A version of the game Nim works as follows: You start with a collection of Skittles (the sweets), and players take it in turns to eat them, according to three rules:
1. You must eat at least one Skittle on your turn.
2. In any turn, all the Skittles you eat must be of the same colour.
3. If you eat the last Skittle, you lose.
Now suppose your opponent is feeling generous, and lets you decide who should go first. Assuming you want to win, how can you determine, given an arbitary collection of Skittles, whether it is better to go first or second?
This is a fairly well-known puzzle, so please don't shout out the answer if you know it already or have found it on the internet, try to work it out.

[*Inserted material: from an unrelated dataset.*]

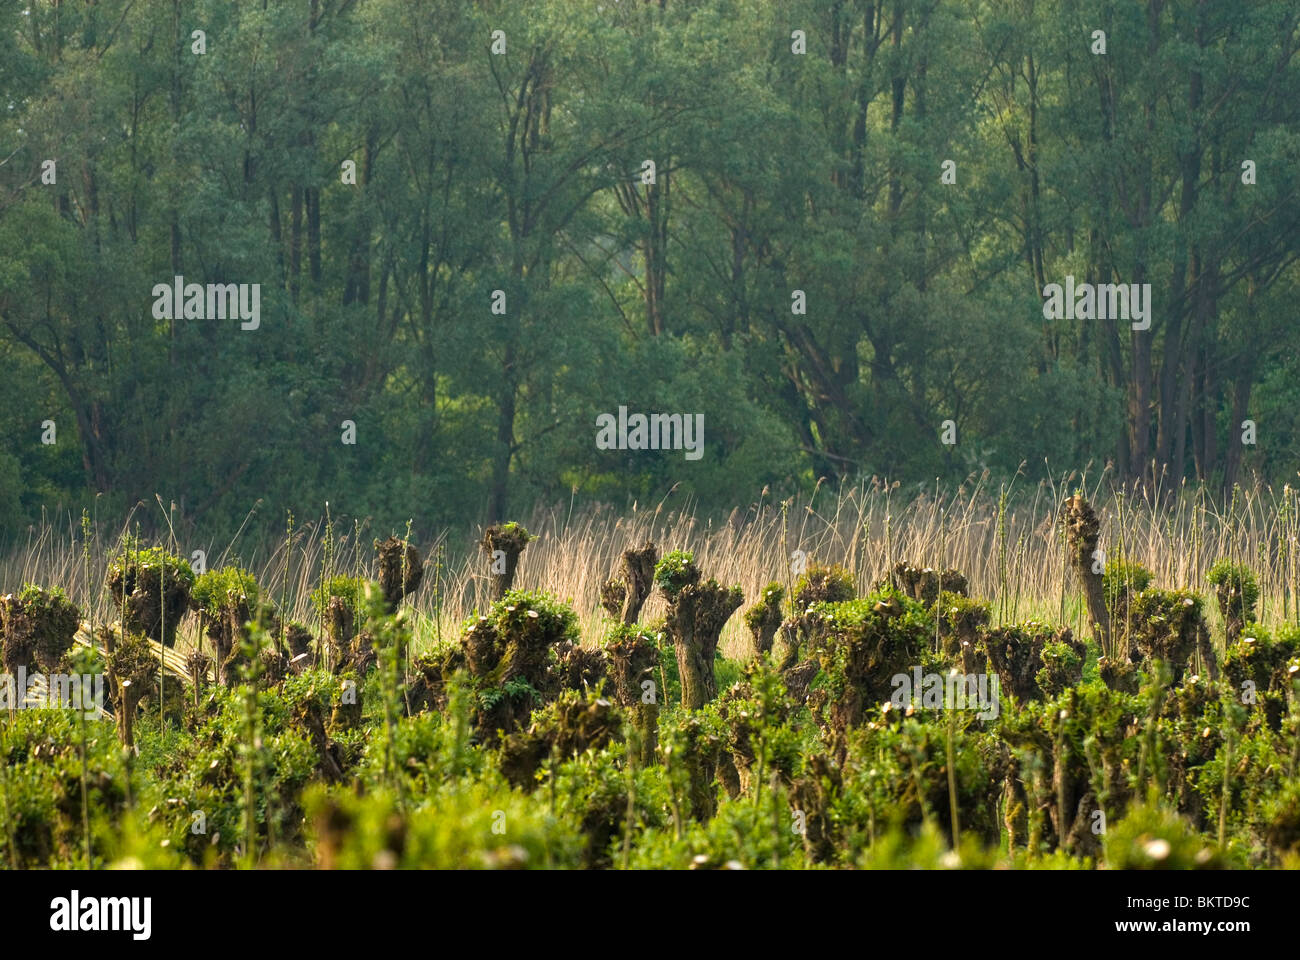 Griendcultuur en wilgenvloedbos op de Pannekoek in Nationaalpark de Biesbosch; Willowcoppice and willow woodland in Biesbosch National Park Stock Photo

Originally posted by TheMaster37Well, no. In each turn you have to eat skittles of the same colour, but in different turns you can eat different-coloured skittles. This game is ALWAYS a win either for player 1 or player 2 (assuming optimal play) based on the inital setup, because it's deterministic, complete-information, and has bounded duration, leaving no possibility of a draw at the end. The question is, given the initial setup of skittles, does the player who goes first win or lose?

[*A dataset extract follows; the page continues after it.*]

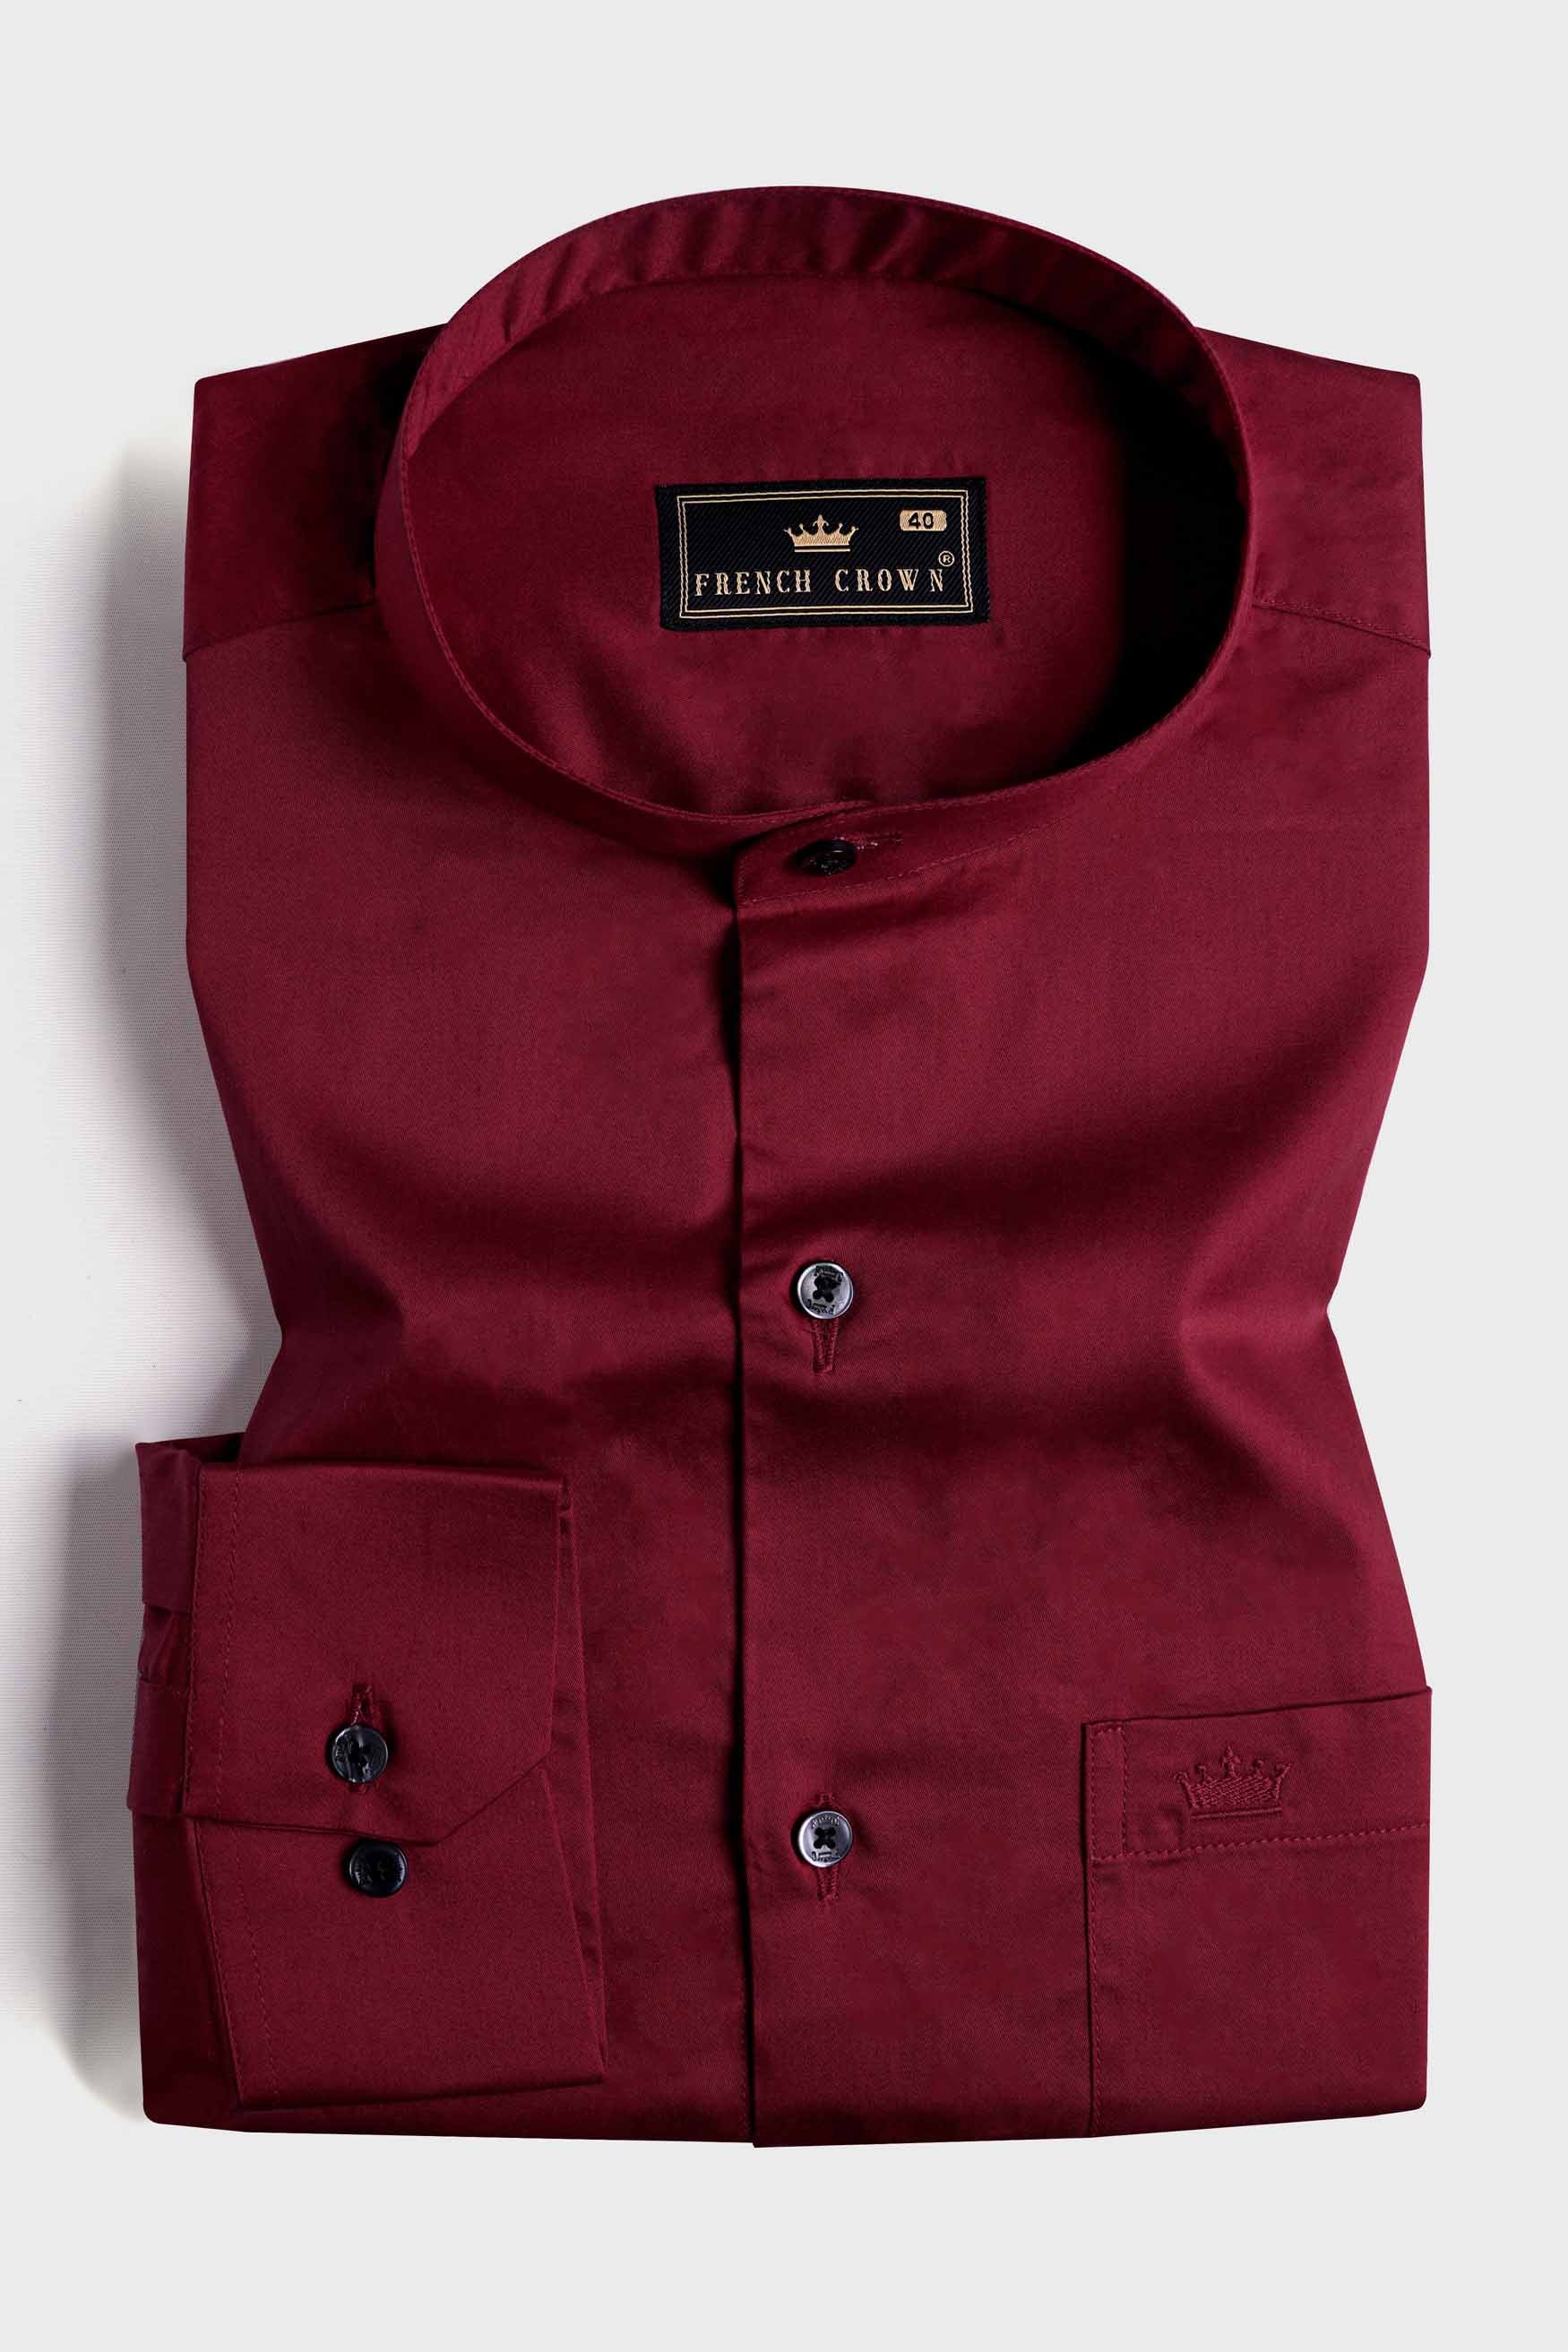 Bordeaux Red Subtle Sheen Super Soft Premium Cotton Mandarin Shirt

Without thinking too much i'd say it doesn't matter. Simply because you have to eat skittles of the same color.
For example: if all the skittles are the same colour, player 1 wins by eating all but one of them, if there's more than one skittle; if there's only one, player 1 loses because he has to eat the last one.
Ok, in the case that all piles have 3 or more skittles in them i have solved it:
1 pile: Player 1 wins by taking all but one
2 piles: Player 2 wins by making sure both piles are equal in size until he can leave one skittle. If player 1 can do so, he wins.
3 piles: Player 1 takes away one entire pile, or leaves one skittle of a pile, depending the number of skittles in the two piles left, according to the strategy with 2 piles.
4 piles: player 2 wins by keeping piles equal in size, two by two. Or loses if the number of skittles in each pile is equal in his turn (strategy of two piles)
And so on, making the difference between even and odd number of piles.